I’m so thrown off by the question; then I realize this is coming from a woman who understands she may never get to see her children grow into full adults who choose to have partners and start families. I don’t know anything about Emil’s dating history though I bet he had tons of guys attracted to him.

“I wouldn’t say I feel naked without him,” I admit. “But I feel cold without him. If that makes sense. It’s like someone finally let me out into the sun and I was so into how warm it made me feel. But then I was forced back inside and I regret how much I sat around instead of actually embracing the day.”

I would do things differently with Emil. I didn’t kiss him when I left Nova or when I came back to save him. Kissing when a literal war is breaking out never comes to mind. If the stars cross for us again, I’ll give it my all.

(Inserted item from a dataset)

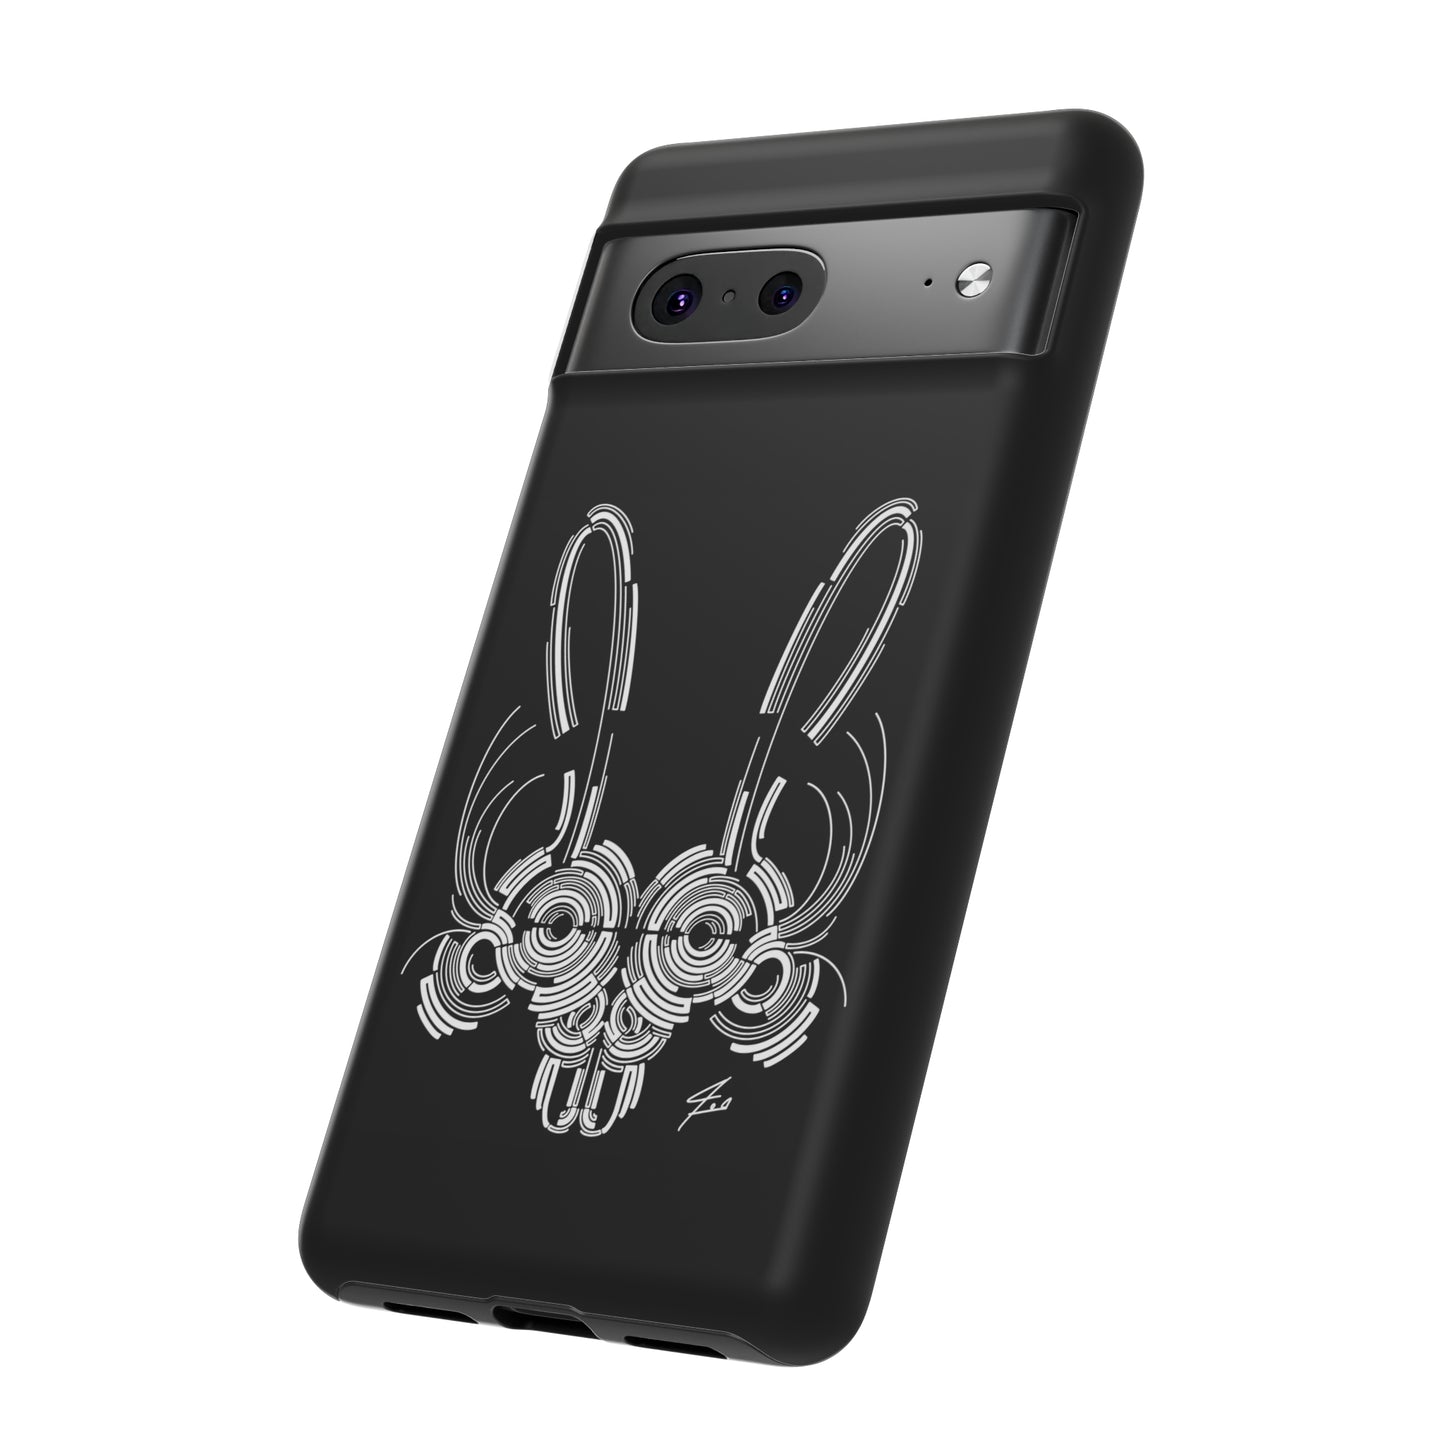 Bunny Design Tough Cases

“He’s the best person I know, and I haven’t even known him that long,” I say.

“That’s my son,” Carolina says proudly. “Ever since he was young Emil always wanted to make someone feel better. I didn’t know until his teacher told me, but in sixth grade Emil wouldn’t play with Brighton and their friends during recess because he was comforting a girl who had lost her sister. The boys were always close, but it only made them closer because Emil was so scared of losing Brighton too.” Now she’s crying. We have no idea if Emil and Brighton are dead or if one is alive and missing the other. Both thoughts are devastating. “When we lost Leo, Emil managed to hold on to his warmth. He fought so much to keep it together for us. My hero. Whenever he would give into his grief, the warmth would come back.”

I chuckle, thinking about how Emil is true to his firefly nature. “Funny, I have a nickname for him and—”

The buzzing of the gleam-shield goes quiet and the door opens. Dione enters with Zenon behind her. But he’s supposed to be gone.

“Storytime is over,” Dione says. She turns to Zenon. “Do we have enough?”

“Should do the trick,” Zenon says.

I stand. “You’re not even supposed to be here!”

Dione stands behind Eva and Carolina. Her expression is mostly menacing, which always feels for show, but there’s a hint of a conscience like when she hit pause on our mission to give some cash to a celestial whose eyes had been gouged out by some gleamphobic hunter. “We needed you to get up close and personal, Ness. How else are you going to play the roles if you don’t understand your subjects?”

Play the roles? Then it hits me. “No, I will do everything else, I will keep making up fake people, but you can’t make me impersonate them—”

“Shut up!” Dione shouts as her eyes glow and two extra sets of arms grow out of her sides. She chokes Eva and Carolina and pins down their hands. “You will become them or you will watch me rip them apart.”

I hold up my hands in truce. “Let them go.”

Dione releases them, and even though she has six hands she only uses one to drag me out by my wrist. I don’t even get a chance to apologize to Eva and Carolina.

I got played tonight—the manipulator manipulated. If the Senator’s team is still using me to morph into other people, then what’s the plan for the new specter with shifter blood? Just a new Blood Caster? That can’t be right. Any plan that Luna helps design runs deeper than new recruits.

For now, I’ve got to get ready to cause more damage while wearing the faces of two women who trusted me with their hearts.